# Topics of Sociability and Solidarity in Recollections of those who worked and who did not work in Auschwitz-Birkenau



 ### Research Question:

Did solidarity and sociability thrive more among victims who were forced to work than those who did not work? Do victims who worked speak more about solidarity and sociability?

### Further point to consider:

 - Majority of victims did not work

In [248]:
import json
path = os.getcwd()
parent = os.path.abspath(os.path.join(path, os.pardir))
with open(parent+'/'+constants.output_data_segment_keyword_matrix + "metadata_partitions.json") as read_file:
        metadata_partitions = json.load(read_file)
        
total_number_of_persons = len(metadata_partitions['complete'])

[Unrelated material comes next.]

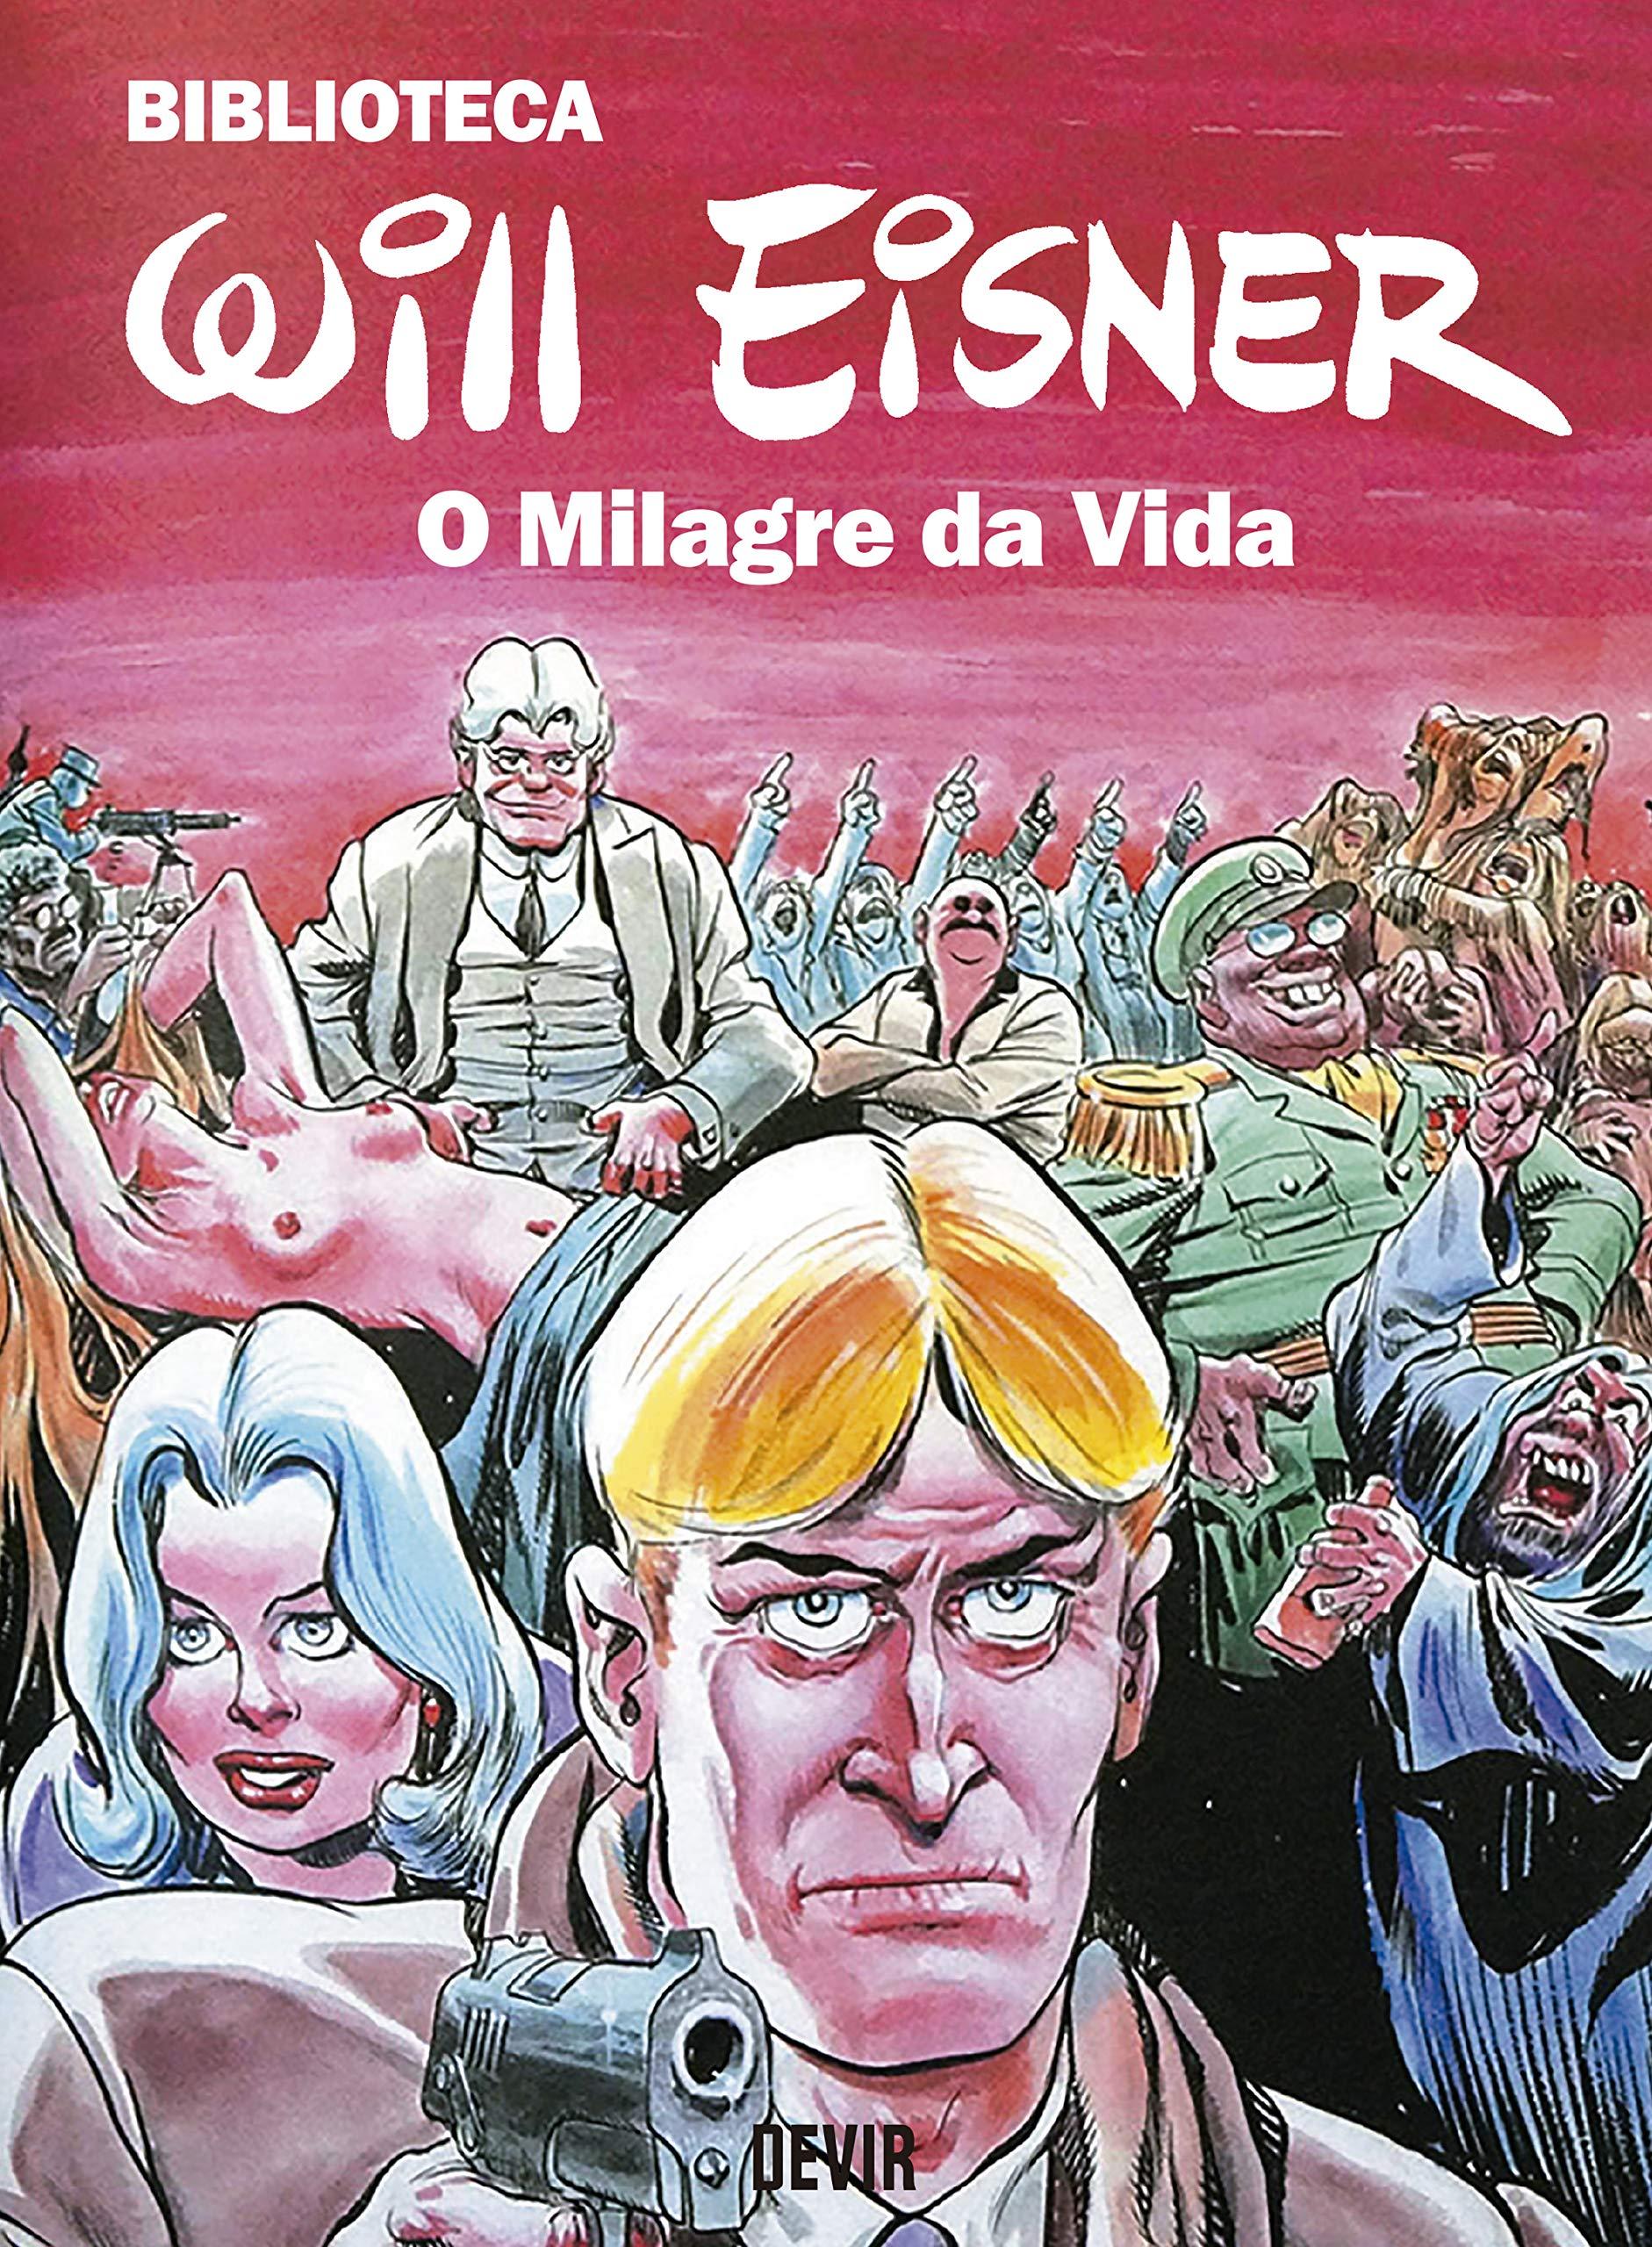 Biblioteca Eisner (exclusivo Amazon): O Milagre Da Vida (Português) Capa dura – 30 Maio 2020

Percentage of those who did not work

In [249]:
(len(metadata_partitions['notwork']) / total_number_of_persons)*100

76.10138805069403

Percentage of those who worked

In [250]:
(len(metadata_partitions['work']) / total_number_of_persons)*100

23.898611949305977

## Load the relevant data

Load the libraries needed to work with the data

In [251]:
import constants
import pandas as pd
import os
from IPython.display import display

Set up the paths to data

Two different datasets were created. In Dataset 1, the topic 'social bonds' include 'friendship' as well; similarly the topic 'aid giving' includes 'food sharing'. In Dataset 2, 'friendship' and 'food sharing' are distinguished, and they are different topics.

First, load Dataset 1

In [252]:
input_directory = constants.output_data_markov_modelling

path = os.getcwd()
parent = os.path.abspath(os.path.join(path, os.pardir))
input_directory = parent +'/'+ constants.output_data_markov_modelling

In [253]:
p_work_dataset_1 = pd.read_csv(input_directory+'work'+'/'+'stationary_probs.csv')

p_not_work_dataset_1 = pd.read_csv(input_directory+'notwork'+'/'+'stationary_probs.csv')

input_directory = parent +'/'+ constants.output_data_report_statistical_analysis
input_file = 'strength_of_association_odds_ratio_work_notwork.csv'
df_fisher_dataset_1 = pd.read_csv(input_directory+input_file)

Second,load Dataset 2

In [254]:
input_directory = 'data/output_aid_giving_sociability_expanded/output/markov_modelling/'

path = os.getcwd()
parent = os.path.abspath(os.path.join(path, os.pardir))
input_directory = parent +'/'+ input_directory 

In [255]:
p_work_dataset_2 = pd.read_csv(input_directory+'work'+'/'+'stationary_probs.csv')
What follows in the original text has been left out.